Die Spätabtreibung wurde mit einem Fetozid eingeleitet. Dabei wird dem Kind eine Spritze in Herzchen gegeben, der Vorgang gleicht einer Fruchtwasseruntersuchung. Das waren die schlimmsten Minuten meines Lebens, ich kann nicht in Worte fassen was ich zu diesem Zeitpunkt fühlte. Nach dem Fetozid sagte mein Arzt zu mir, sie haben ihrem Kind sehr viel unnötiges Leid abgenommen, dafür werden sie jetzt um so mehrt leiden. Er meinte die Einleitung der Geburt und die schlimmen Schmerzen die damit verbunden sind, es ist nun mal so das der Körper in der 23 SSW noch nicht bereit ist das Kind freizugeben. Ich kam auf Stadion wo ich alle 4 Stunden Tabletten bekam die die Wehentätigkeit auslösen sollten. Von den Nebenwirkungen hat mir keiner was gesagt. Irgendwann tat sich auch etwas. Nun bin ich nicht wie andere und bei mir verlief dieser Eingriff anders als gedacht. vom ersten Ziehen bis zur Geburt vergingen nur 2 Stunden und ich hatte leider keine Hebamme bzw. eine Krankenschwester an meiner Seite.
Raphael ist in aller Stille geboren. Als Raphael dann auf meiner Brust lag, war ich glücklich. Die vergangenen 2 Stunden waren vergessen. Es war ein wundervoller Moment ihn in seiner ganzen Vollkommenheit zu sehen und zu spüren. Leider war dieser Moment viel zu kurz und ich musste meinen Engel abgeben. Ich hätte die Zeit am liebsten angehalten.
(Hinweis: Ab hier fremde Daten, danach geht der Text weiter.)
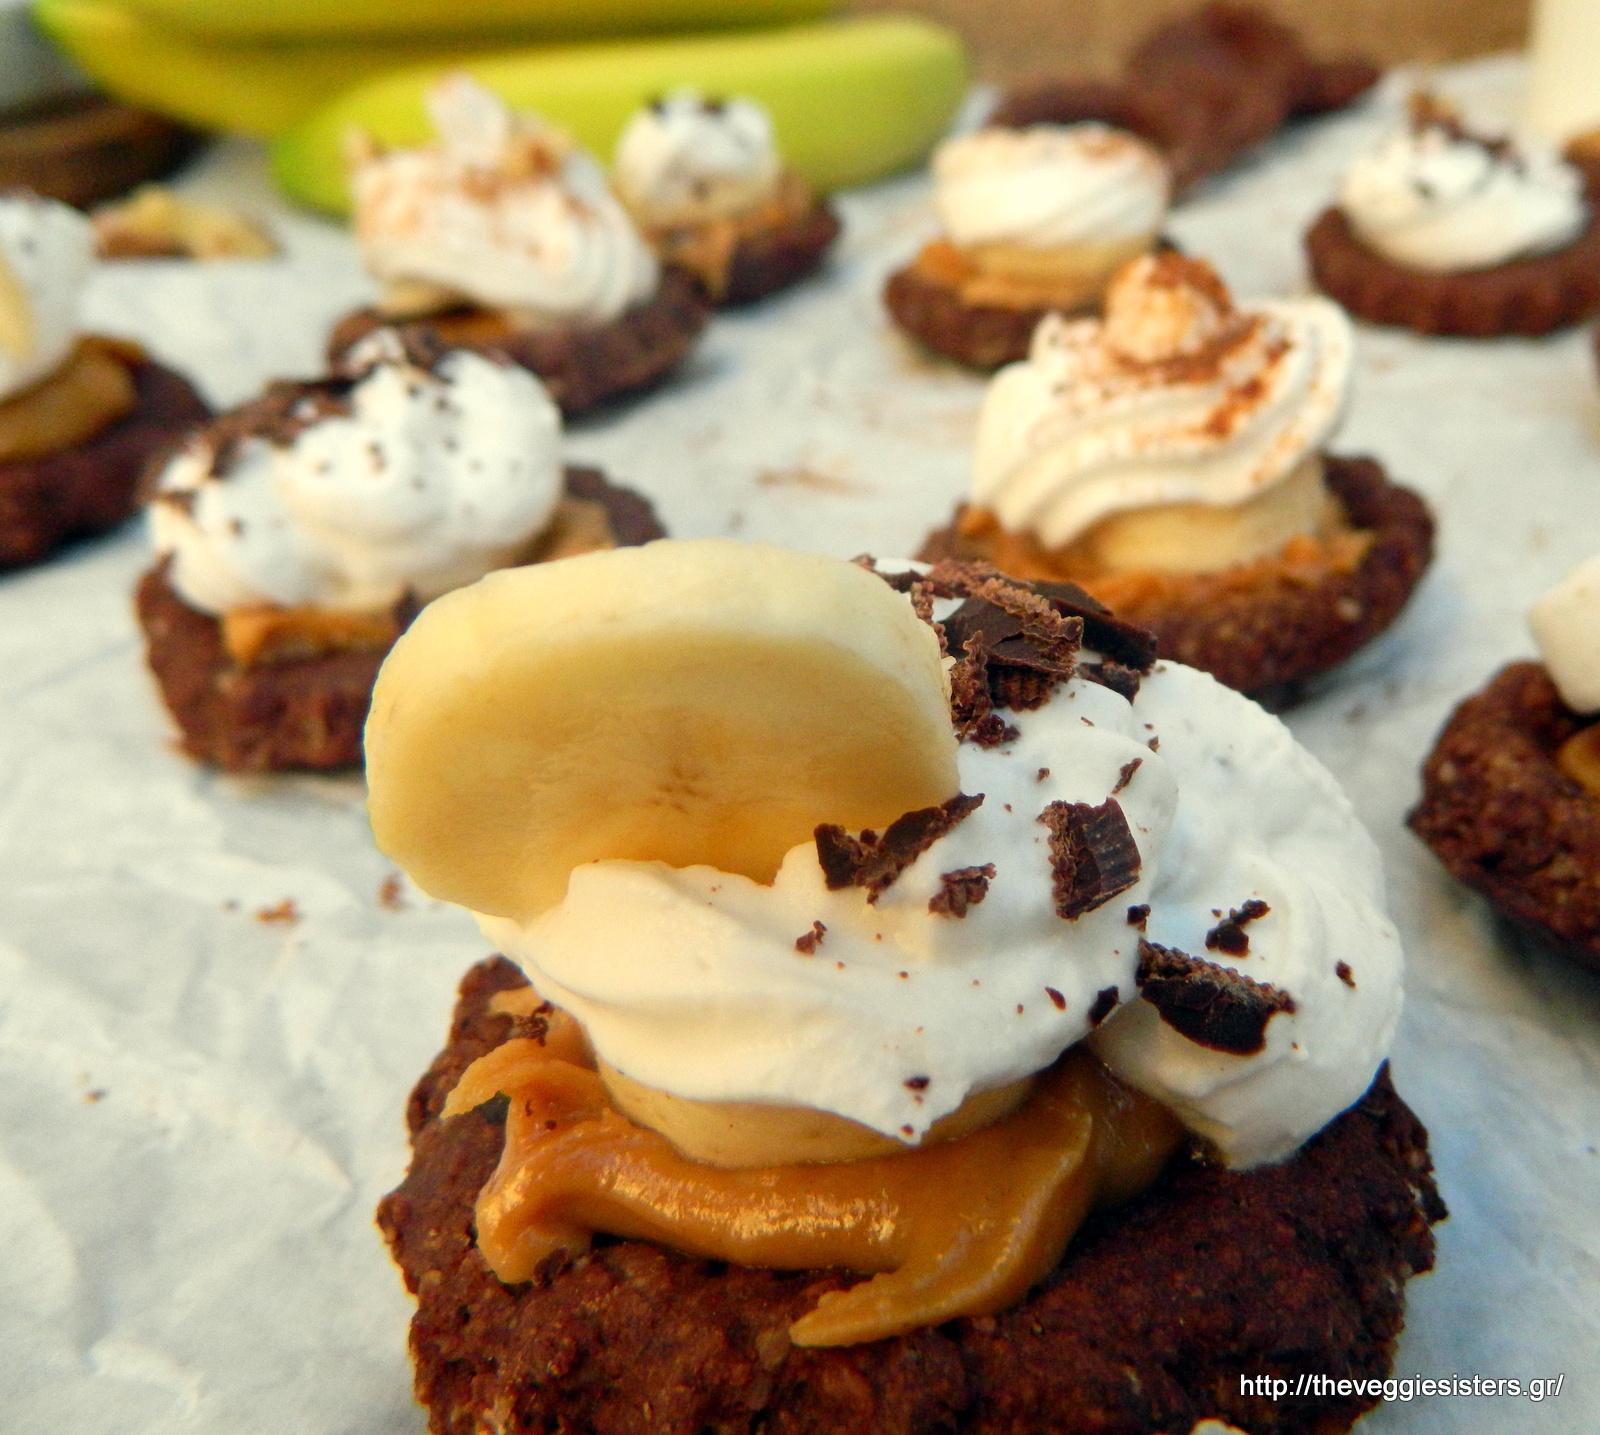 Λαχταριστά ταρτάκια banoffee (νηστίσιμα κ χωρίς γλουτένη) - Mini scrumptious vegan gf banoffee tarts

Ich habe Ihm einen Kuss gegeben und ihm gesagt: Wir werden leider keinen Weg gemeinsam gehen, aber wir sehen uns am Ende des Regenbogens wieder. Du bist immer in unseren Herzen bei uns und lebst in diesen fort.
Gleichzeitig fühlte ich mich wieder schuldig - wie kann ich mit einem durch meine Schuld - für immer schlafenden Baby im Arm glücklich sein.
Wir haben uns von unserem Engelchen in aller Liebe und in Dankbarkeit für sein Dasein verabschiedet. Es hört sich vielleicht komisch an aber diese paar minuten mit unseren Sternenkind waren die wundervollsten und schönsten Augenblicke unseres Lebens und wir möchten sie nicht missen.
Unsere Herzen sind gebrochen und wir haben tiefe Wunden aber wir nehmen auch positives aus dieser Zeit mit und versuchen nicht nur das Negative zu sehen.
Wir sind froh darüber das wir schwanger sein durften, vielen ist dieses Glück nicht gegönnt. Wir sind froh und dankbar dafür das wir ihn spüren durften und das er uns all seine Liebe und Zuneigung gegeben hat. Wir sind stolze Eltern.
Danke für das Lesen meines Erfahrungsberichtes.
Es ist einfach wichtig in so einer Situation Menschen um sich zu haben denen man vertraut und mit denen man offen über alles reden und man muss auch für sich selber wissen was man will und was nicht. Geht offen mit diesem Thema um es gibt mehr Frauen die soetwas durchmachen als man denkt. Wegt eure Entscheidung gut ab und lasst euch auch zum 20ten Mal erklären was euer Kind hat und welche Therapiemöglichkeiten bestehen, sollte es welche geben wenn ihr 'Zweifel habt.
Mir war es leider nicht möglich meinem Kind bis zum Ende der Schwangerschaft ein zu Hause zu geben. Wichtig für mich und meinen Mann sind aber die Augenblicke mit unserem Baby im Arm. Wichtig ist es für unsere Trauerverarbeitung, man kann nur jemanden verabschieden den man auch kennengelernt hat. Sollte euch das möglich sein dann lasst diese Chance nicht ungenutzt, sonst bleibt da für immer ein Fragezeichen.